This is a discussion on Re: sa-learn journal location for teaching spamassassin on multiple hosts - SpamAssassin ; On Fri, Nov 7, 2008 at 4:45 AM, Samy Ascha, Xel Media B.V. wrote: > I have recently setup a mailbox and a sa-learn script to start teaching > SpamAssassin. This was all no problem, but: > > We have ...
On Fri, Nov 7, 2008 at 4:45 AM, Samy Ascha, Xel Media B.V.
> I have recently setup a mailbox and a sa-learn script to start teaching
> SpamAssassin. This was all no problem, but:
> We have an MX group of usually about 3 MTAs, which all run their own content
> filter (amavis) and thus use their own SpamAssassin's database. When we are
> gonna start teaching SpamAssassin with sa-learn, I need to somehow sync the
> results in the journal to all these hosts.
> I've checked out the --no-sync and --sync options and I think these options
> will give me exactly the tools I need for this job.
> I need to know the location of the journal though and I need to know if
> there are any pitfalls when syncing a SpamAssassin with a journal from
> another one on another server.
> Has anyone got experience with syncing sa-learn between multiple MTAs? How
> did you solve this? Can SA sync with a journal in an arbitrary location, or
> does it look for it in one preconfigged place?
> I hope u have some interresting thought about this issue.
Ultimately, you're not syncing 'sa-learn', you're syncing the bayes'
DB that sa-learn (and spamd) records to. There's a few ways to go
about sharing the bayesian database. Probably the best bet would be to
store the bayes DB in MySQL, and point SA on all 3 servers to it-
ideally with the database on a 4th server (hey, you can put the AWL
info into MySQL as well... may as well hit that up at the same time).

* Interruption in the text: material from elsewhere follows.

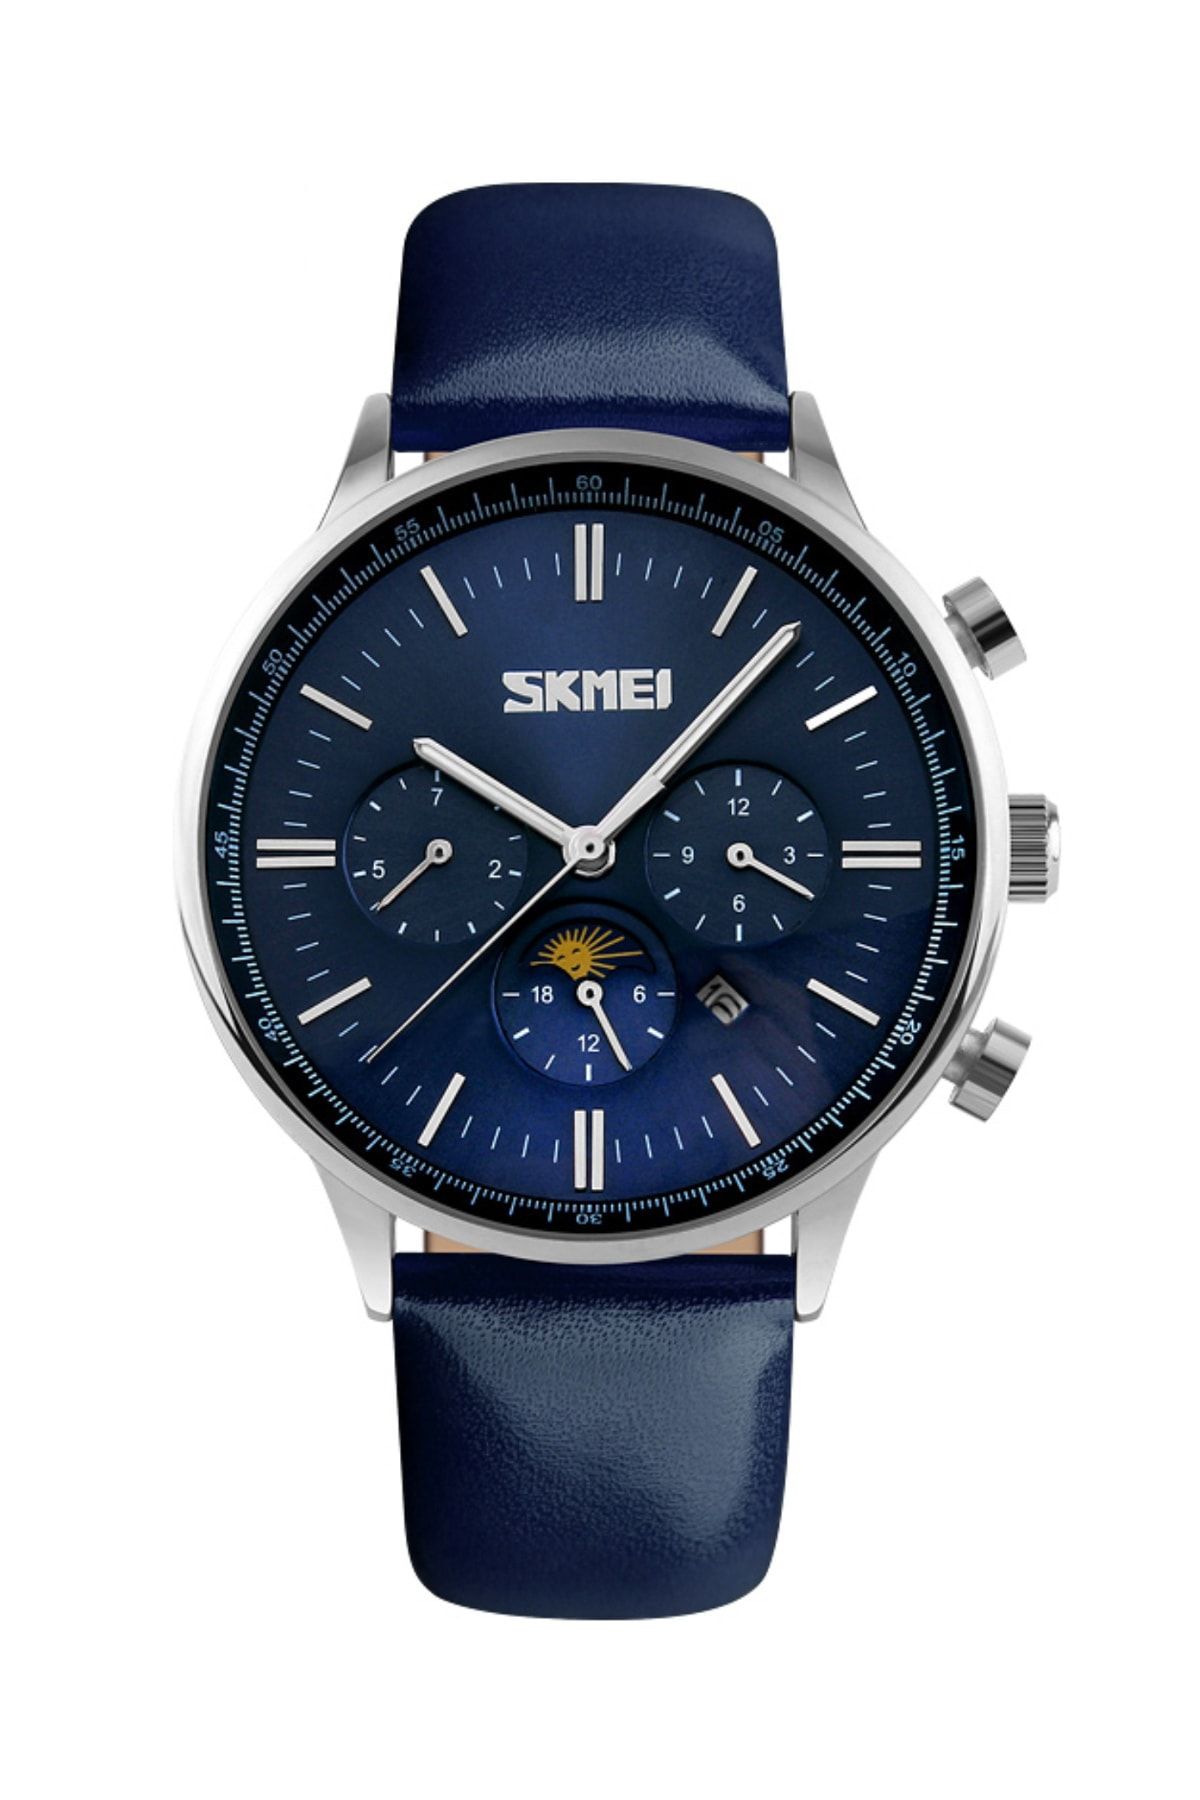 Skmei Mavi Tasarım Erkek Kol Saati Sade Spor Güçlü Tasarım Saat
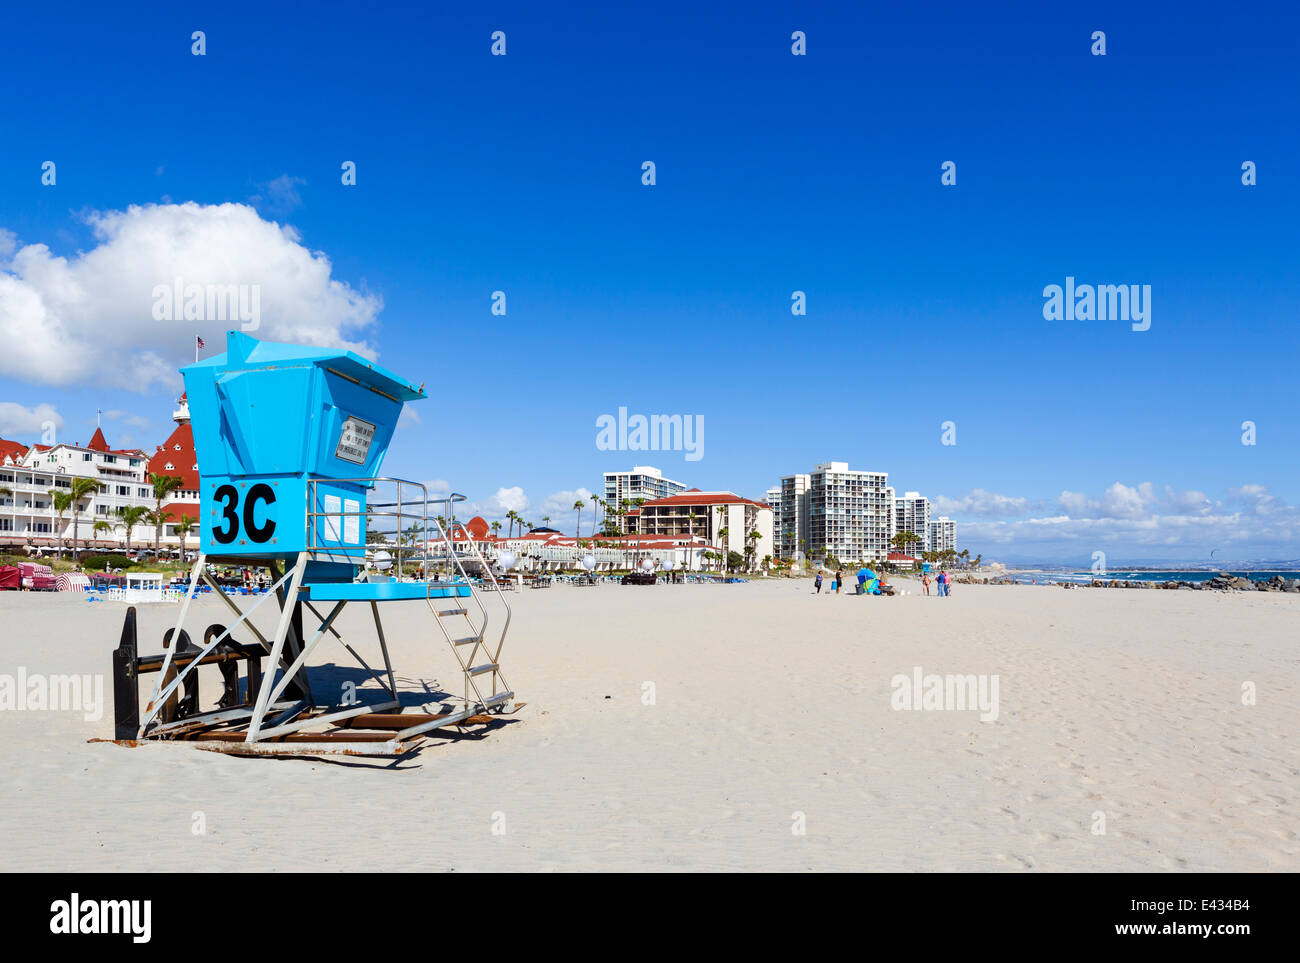 La plage en face de l'hôtel del Coronado, Coronado Beach, San Diego, California, USA Banque D'Images

You could probably go the --sync and --no-sync route if you fiddled
with it enough (never tried it), but honestly a single MySQL DB for
bayes would probably be a lot simpler if you have any experience at
all with MySQL. It's been good for performance for us even when used
on a single server, and it's pretty bulletproof for us- been in use
for years. The only tip you really need here is to run OPTIMIZE TABLE
every now and then.
An alternative hacky solution: turn off autolearn on 2 of the 3, and
do sa-learns and autolearning on the 3rd. Then nightly rsync all the
bayes DB files over to the other 2 servers and restart spamd. Not
pretty, but it should work.